■ Task prompt
Could you retype exactly the lines below between the one holding "Bridal preparation at Eaves Hall" and the one holding "US Letter Paper Mockups SVE27BA 1", inclusive, leaving out any pictures?

■ The data
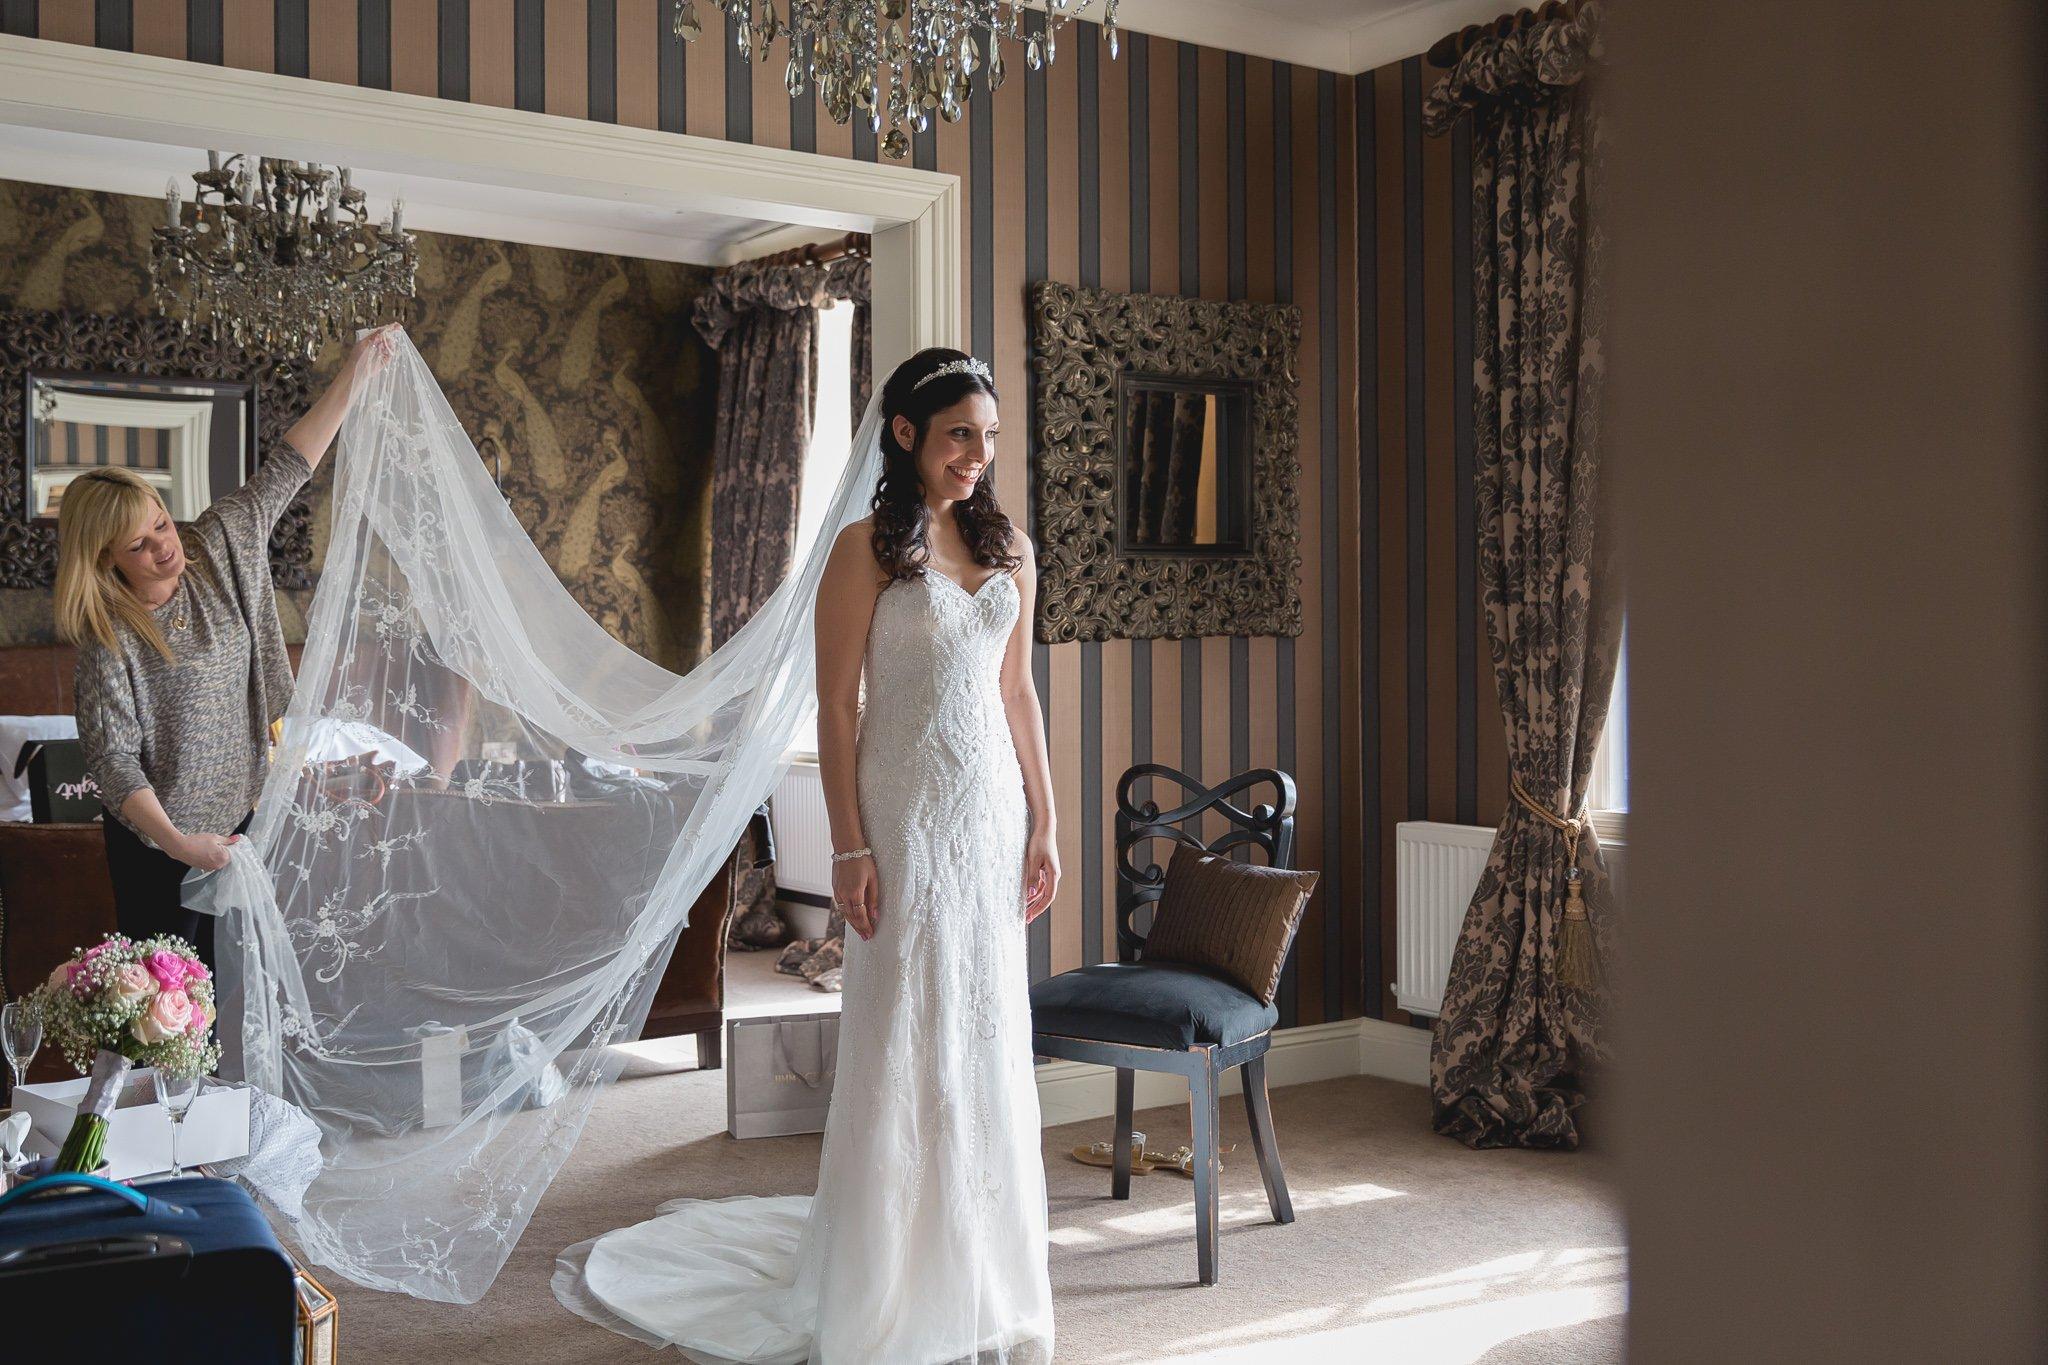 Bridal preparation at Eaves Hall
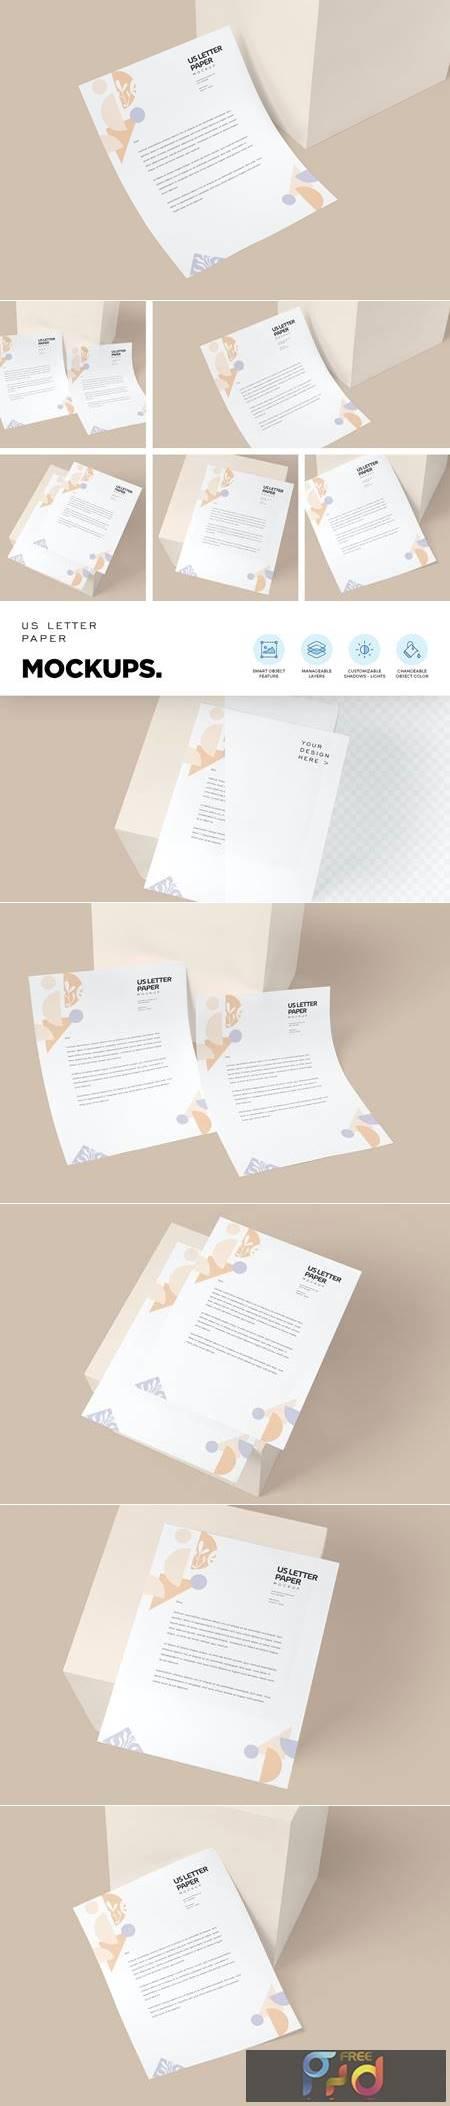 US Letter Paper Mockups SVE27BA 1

---

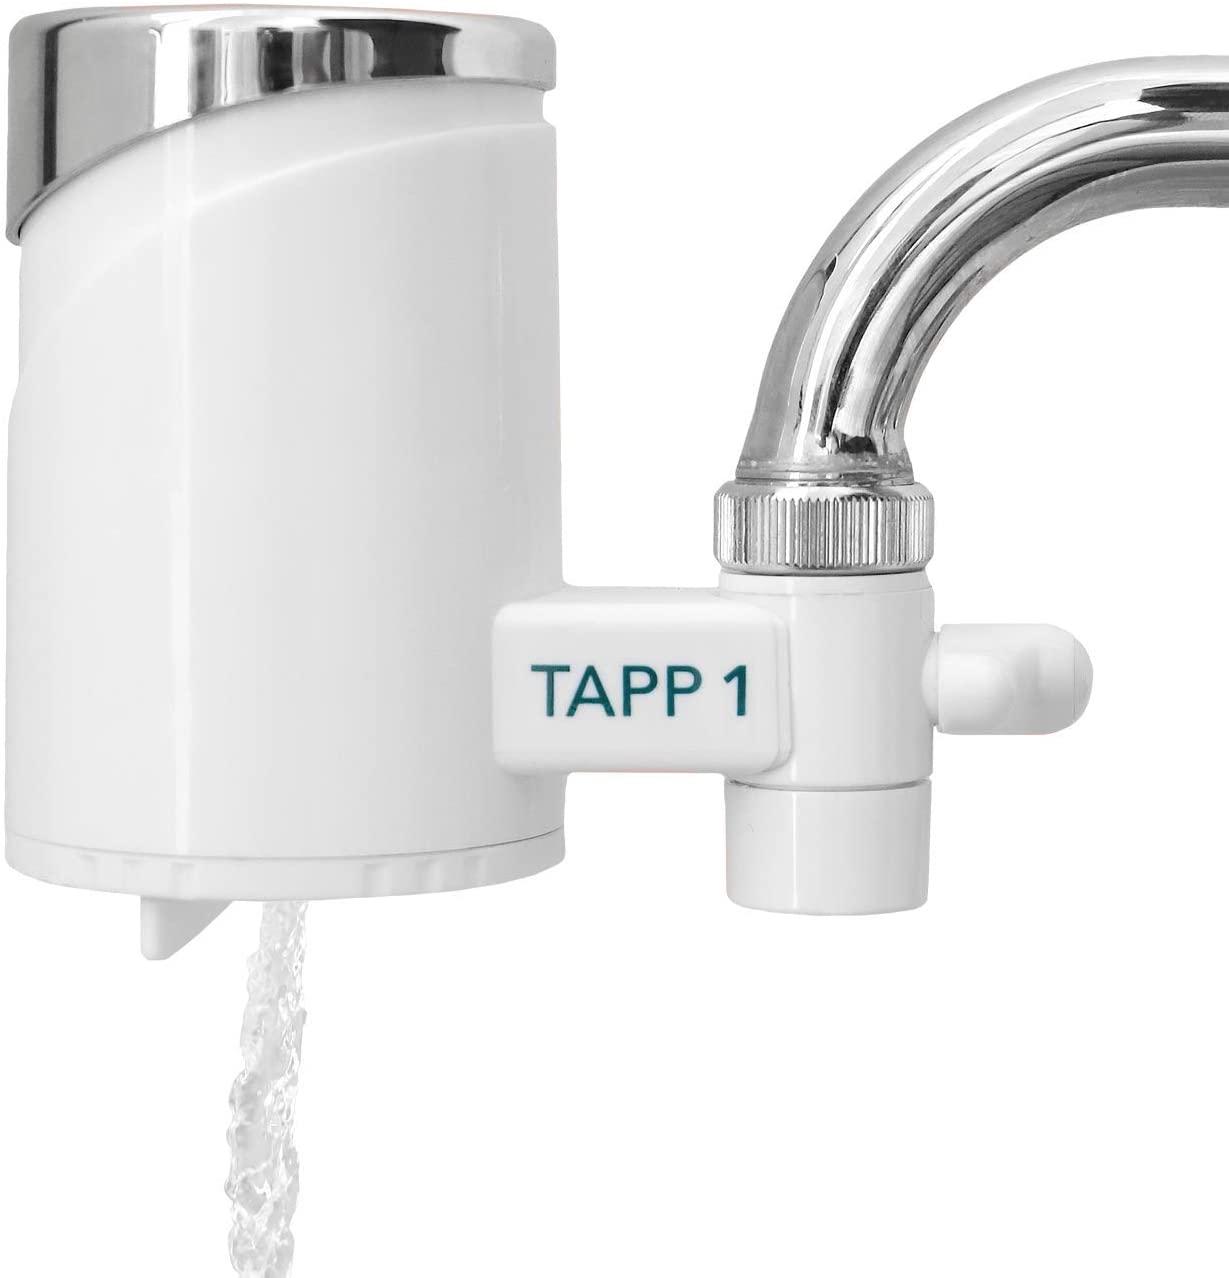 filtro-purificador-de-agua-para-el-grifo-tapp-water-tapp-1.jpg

* * *

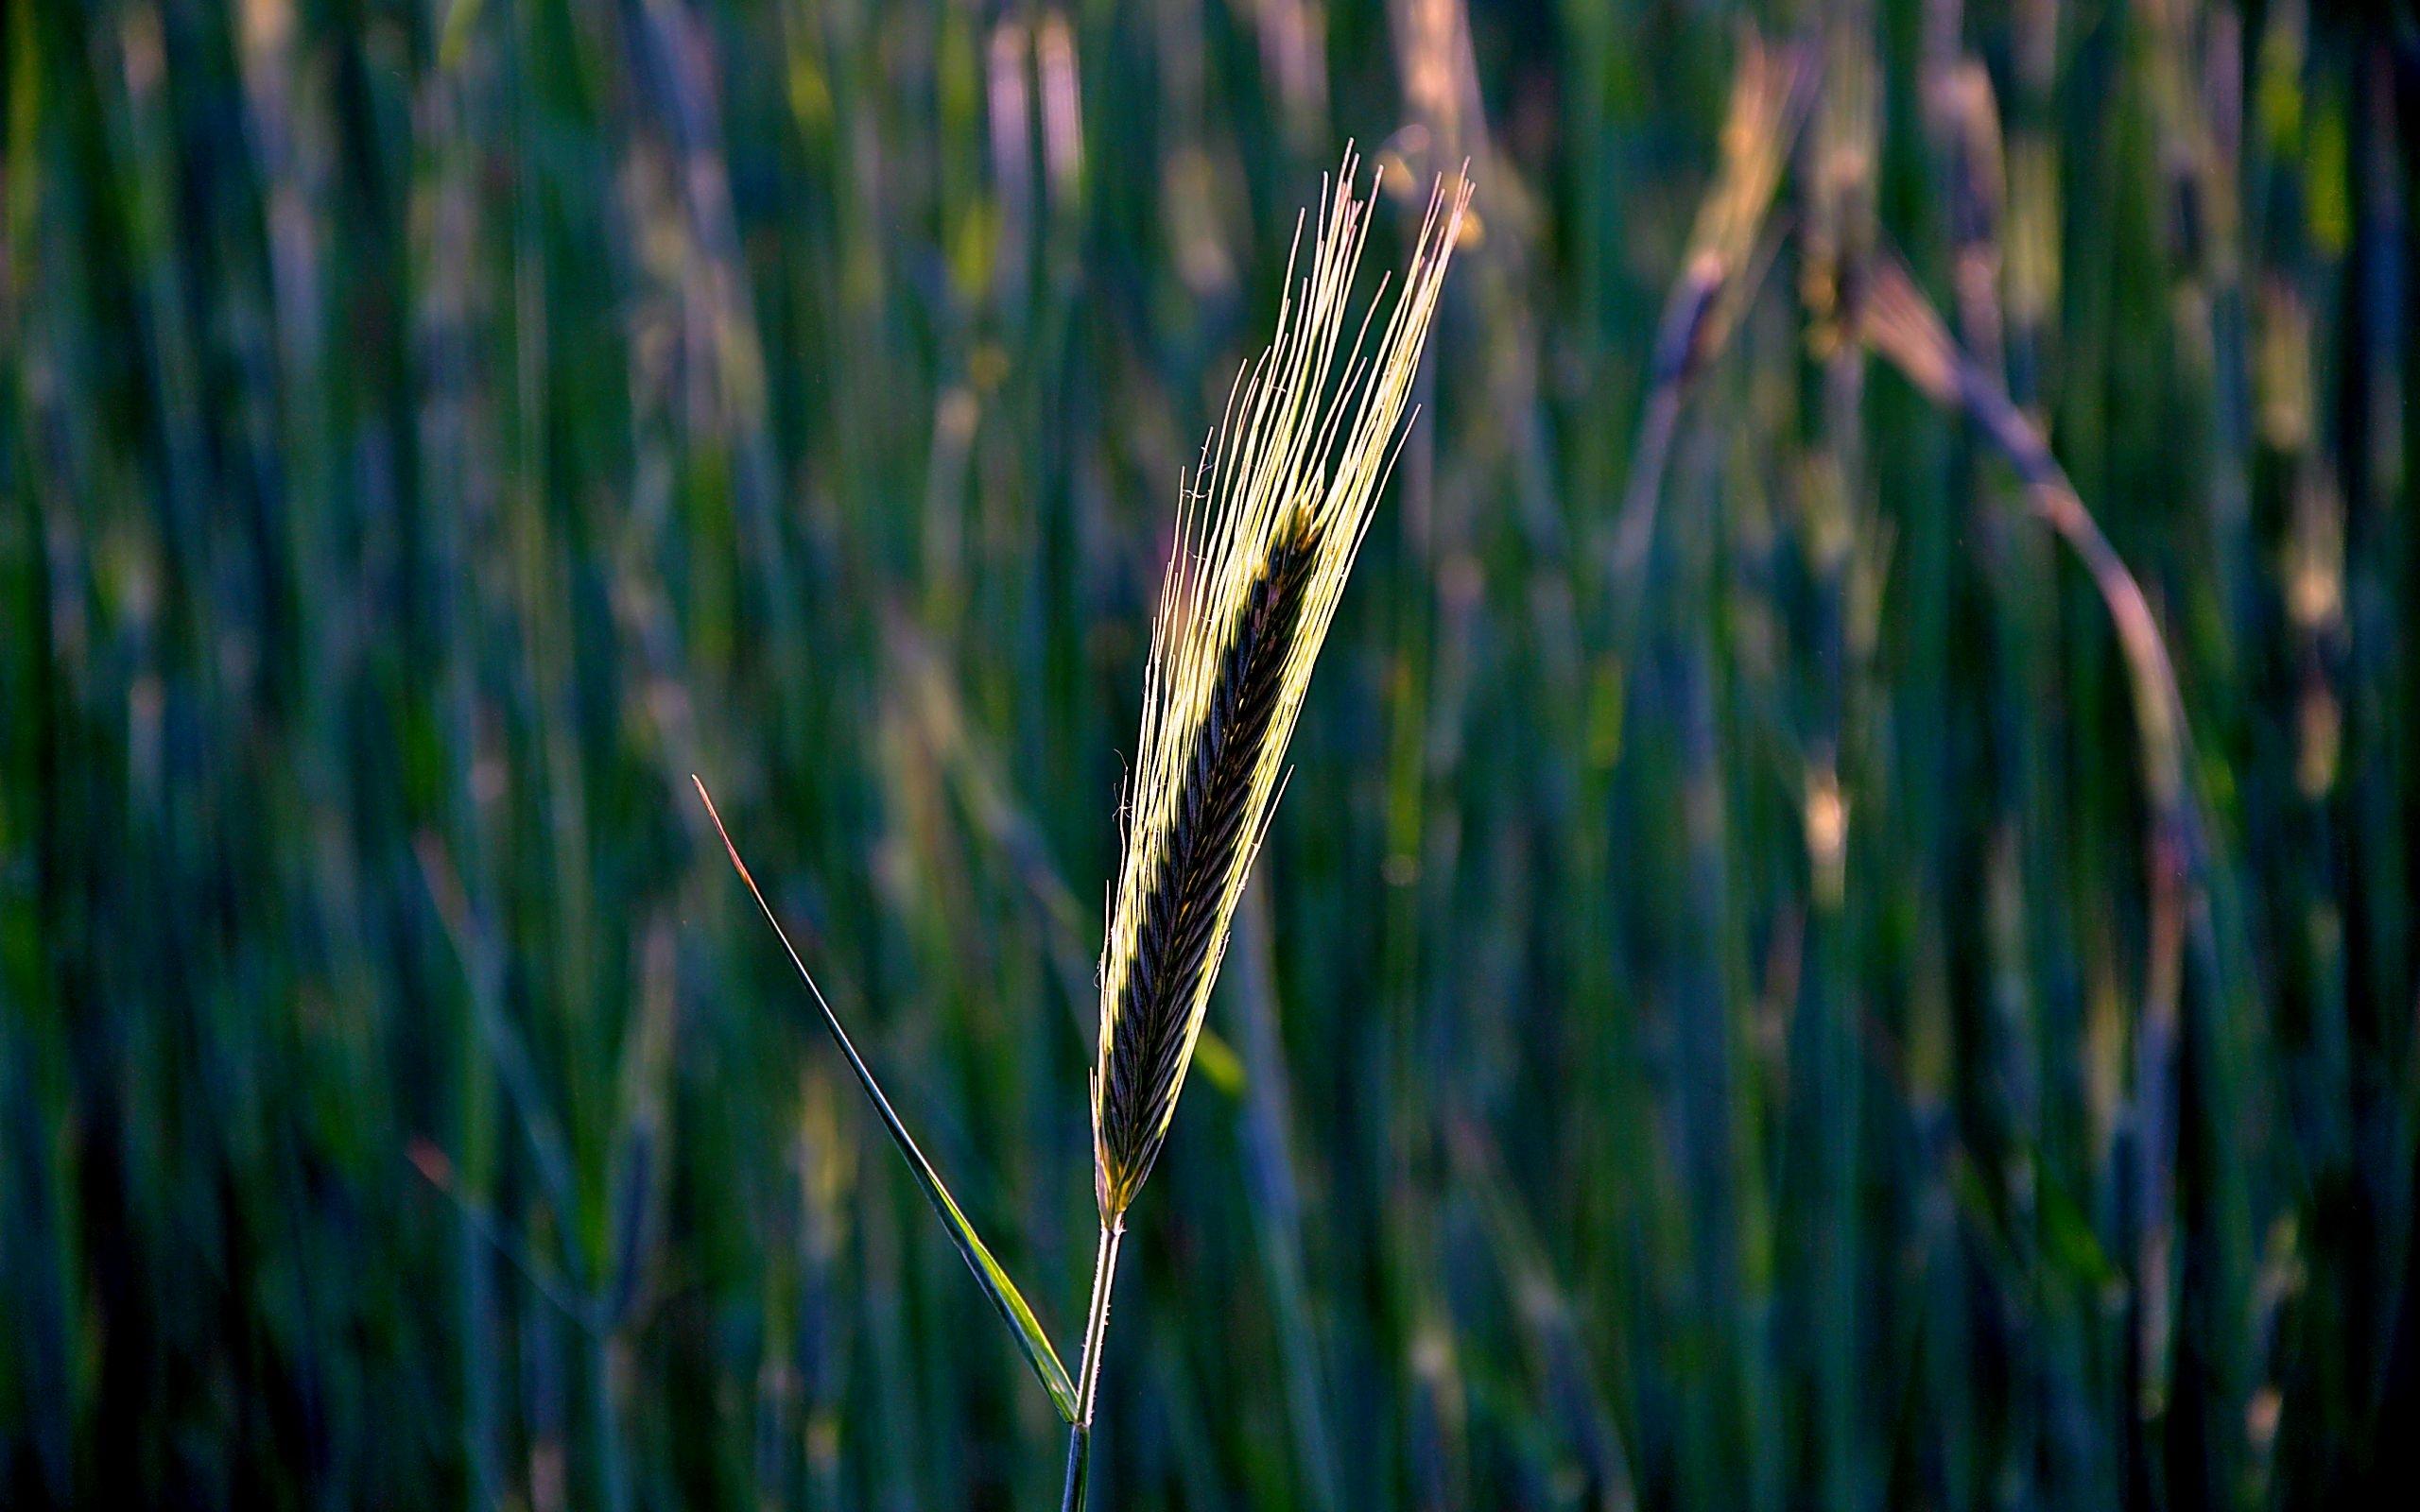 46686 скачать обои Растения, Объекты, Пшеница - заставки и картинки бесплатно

■ Response for this exercise
 Bridal preparation at Eaves Hall
 US Letter Paper Mockups SVE27BA 1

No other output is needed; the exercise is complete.